• PROBLEM TO SOLVE
Your copy of the lines below must match them exactly and contain no images.

• DATASET EXCERPT
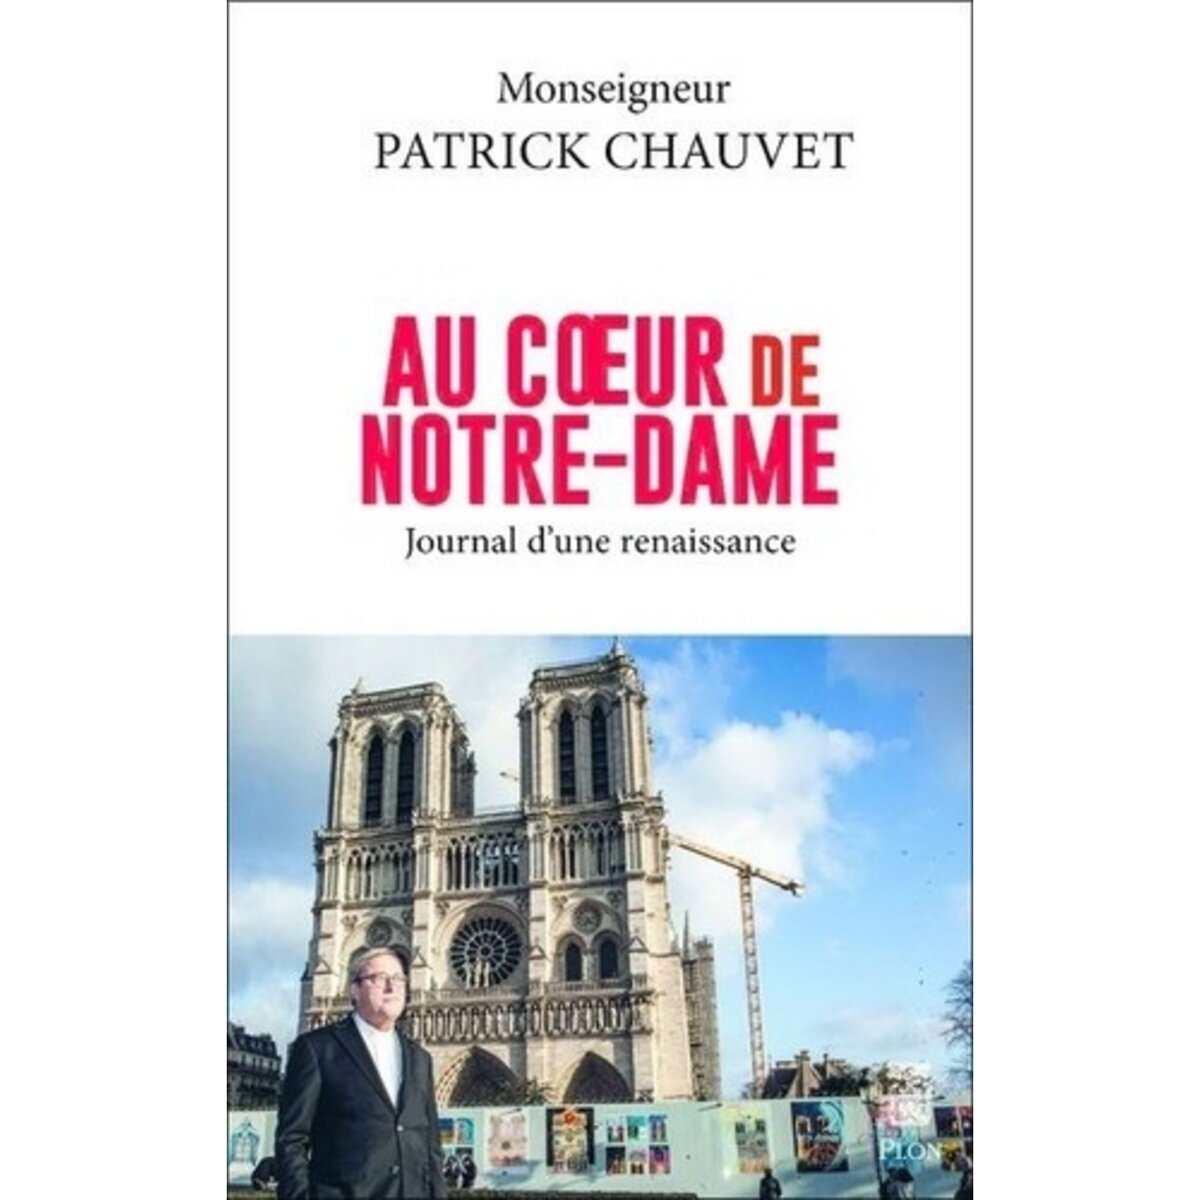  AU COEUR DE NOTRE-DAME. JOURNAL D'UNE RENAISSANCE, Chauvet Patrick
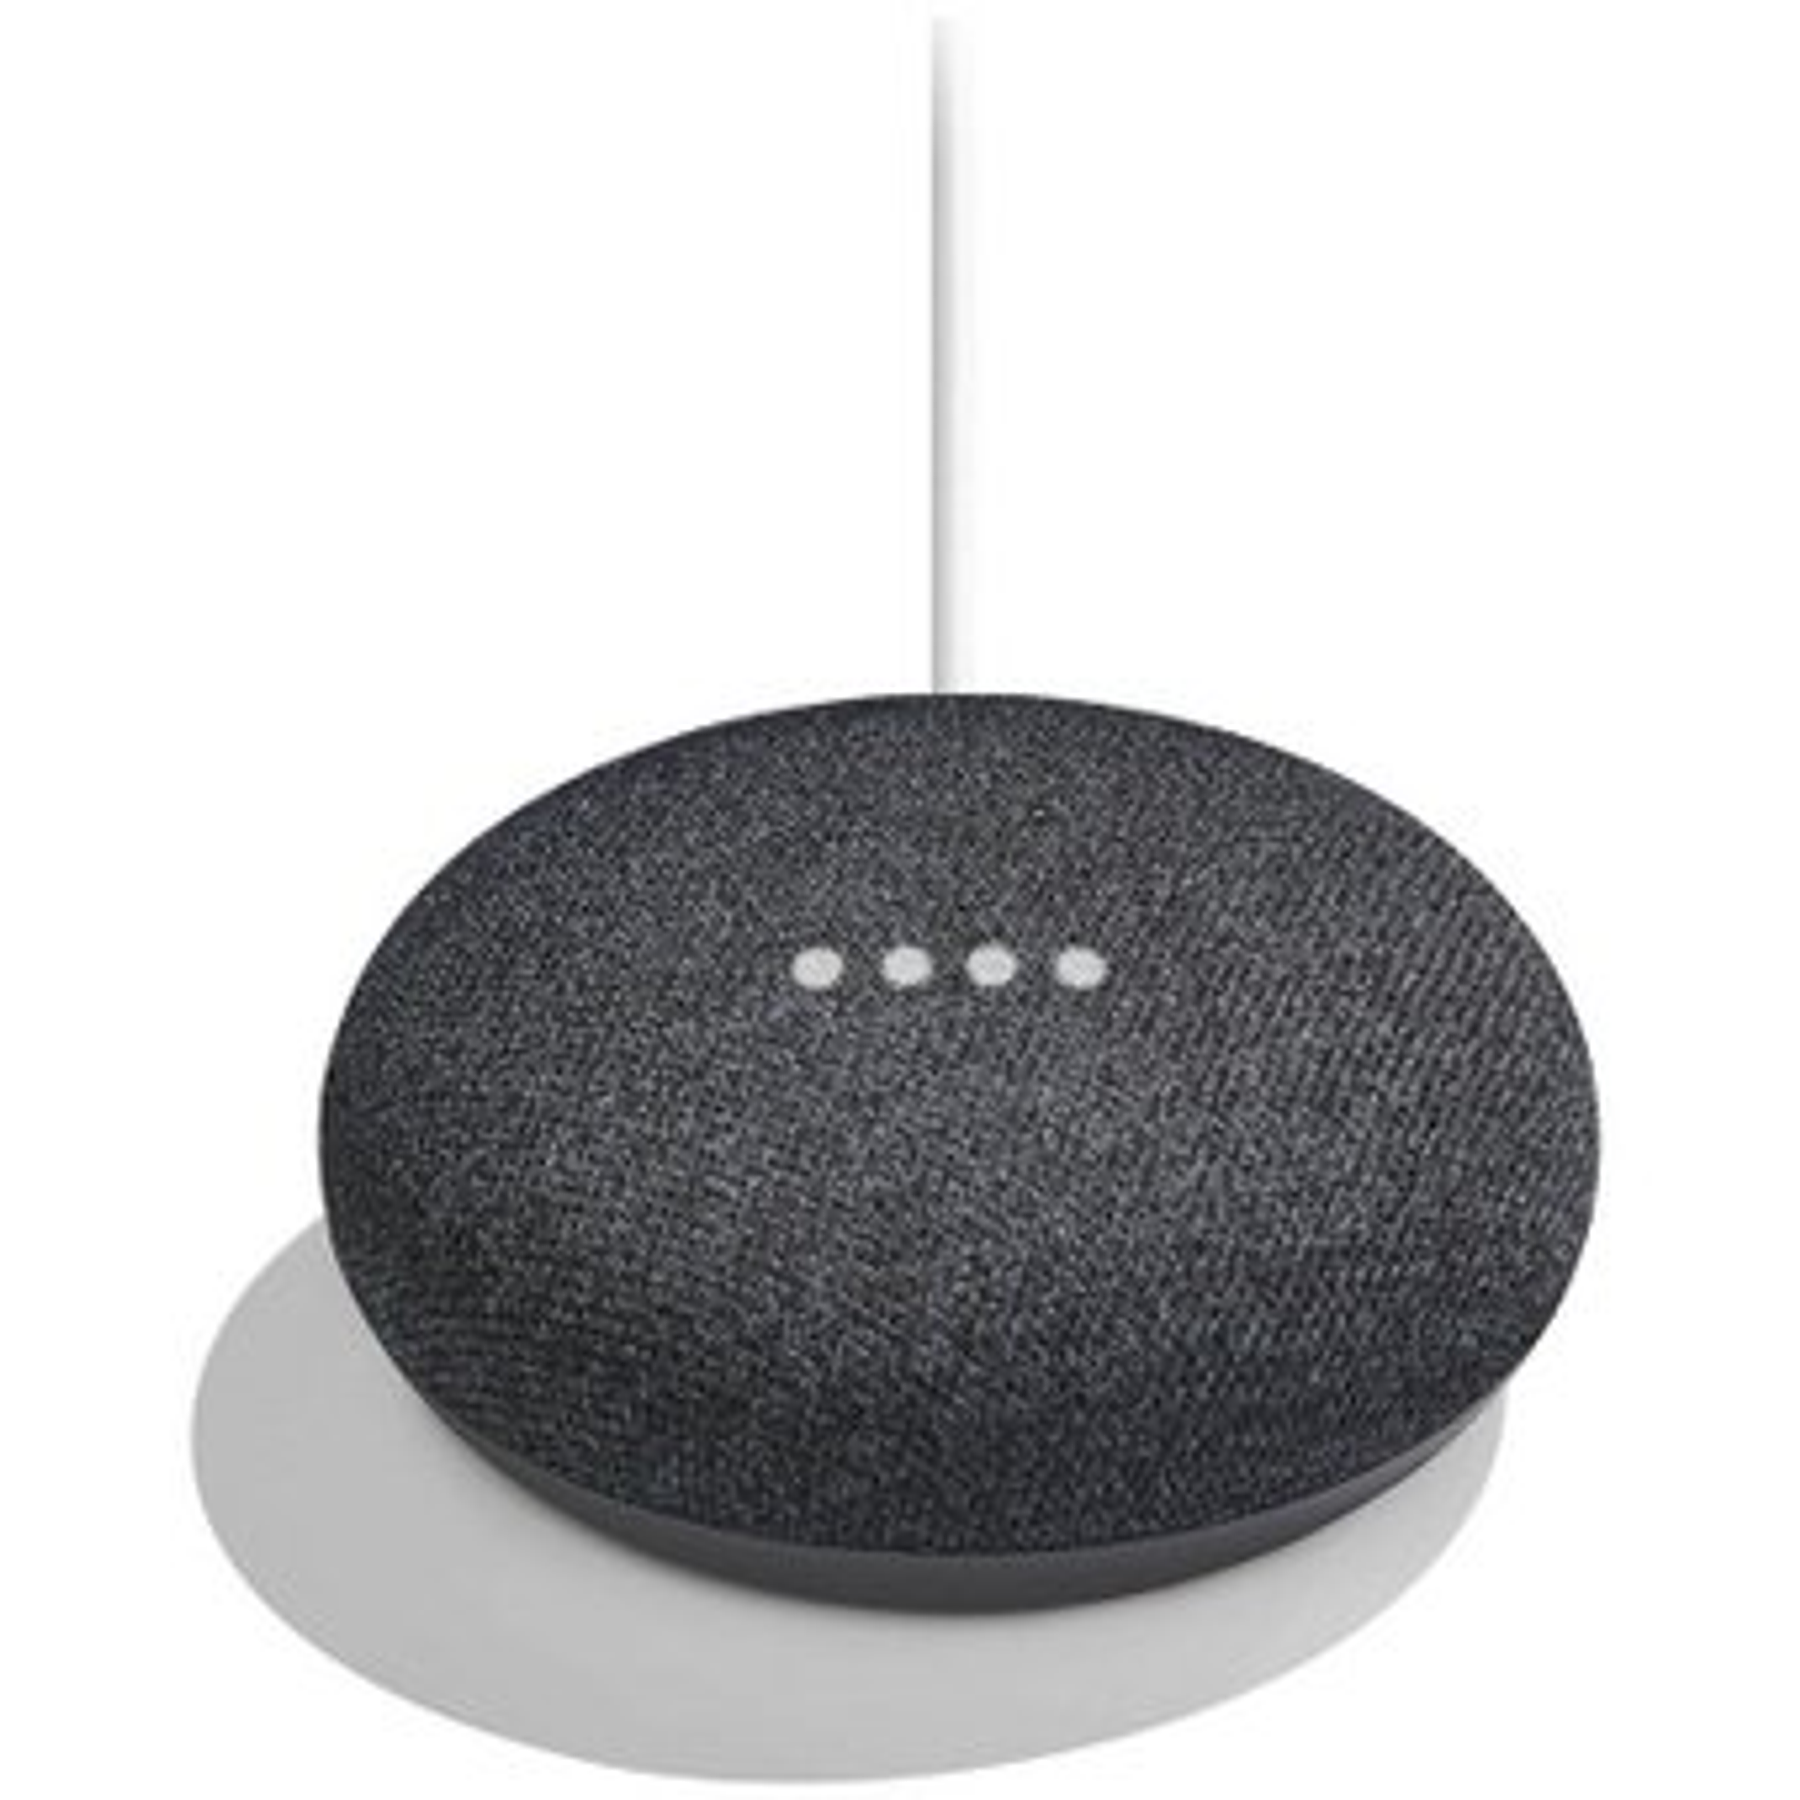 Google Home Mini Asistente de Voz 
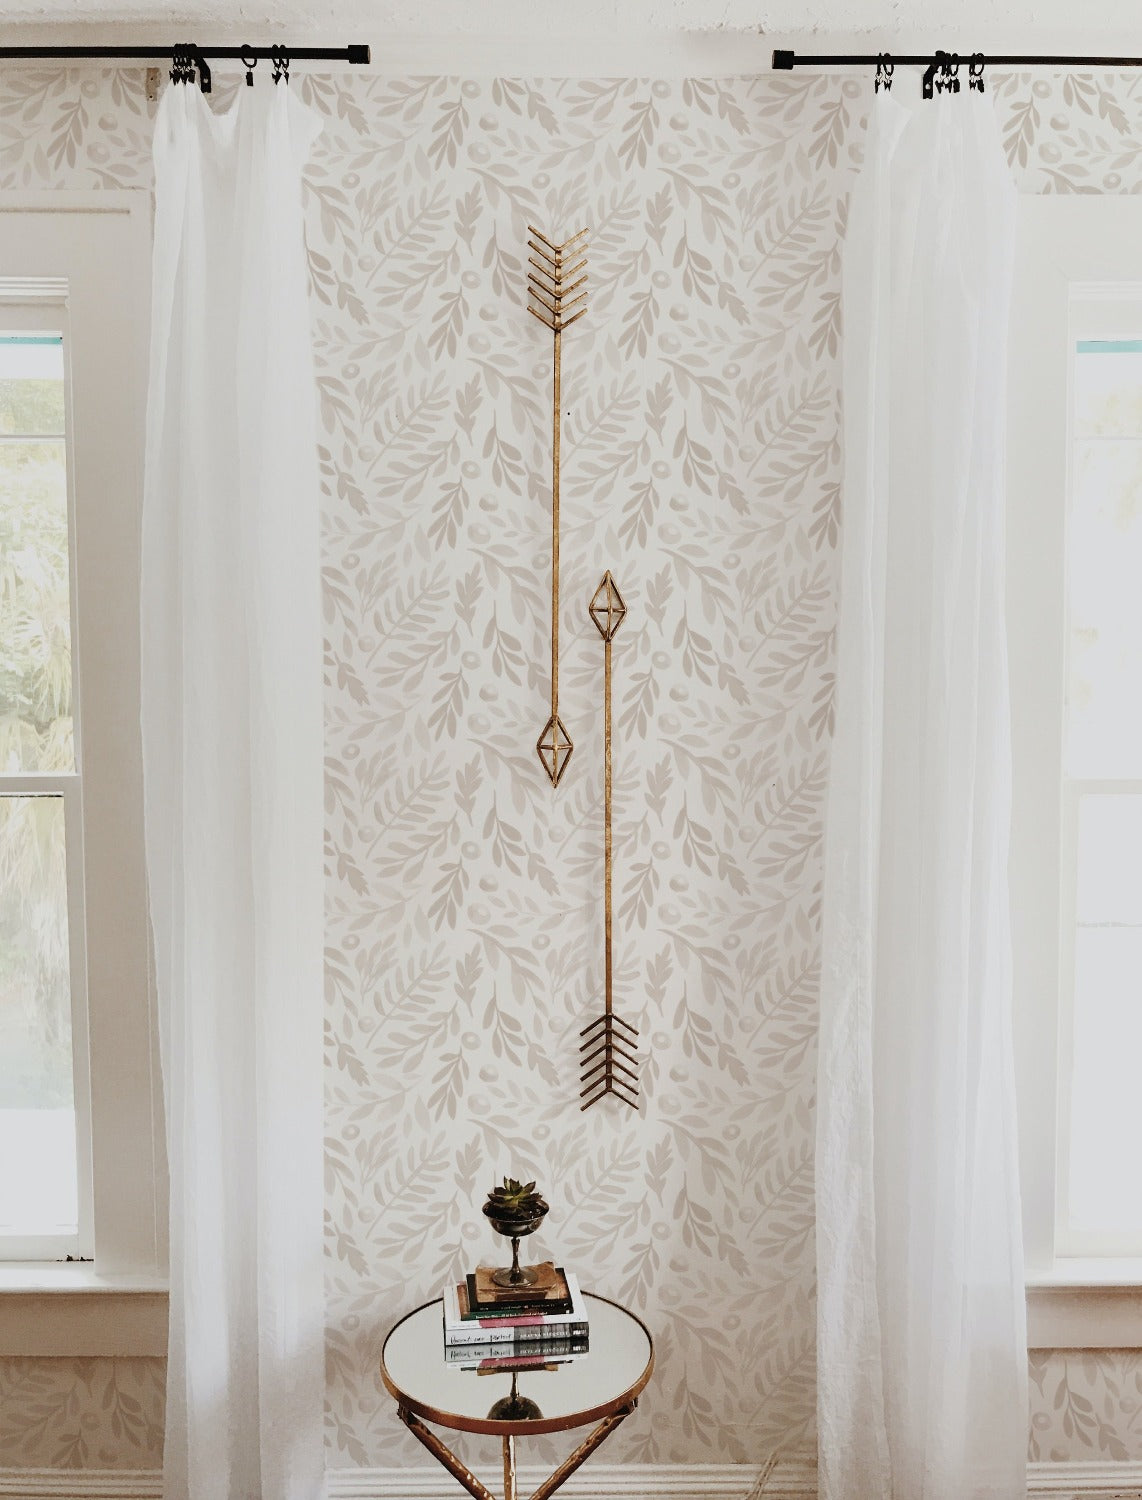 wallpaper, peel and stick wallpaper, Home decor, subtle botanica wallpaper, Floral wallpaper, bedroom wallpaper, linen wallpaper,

• RESPONSE AREA
  AU COEUR DE NOTRE-DAME. JOURNAL D'UNE RENAISSANCE, Chauvet Patrick
 Google Home Mini Asistente de Voz 
 wallpaper, peel and stick wallpaper, Home decor, subtle botanica wallpaper, Floral wallpaper, bedroom wallpaper, linen wallpaper,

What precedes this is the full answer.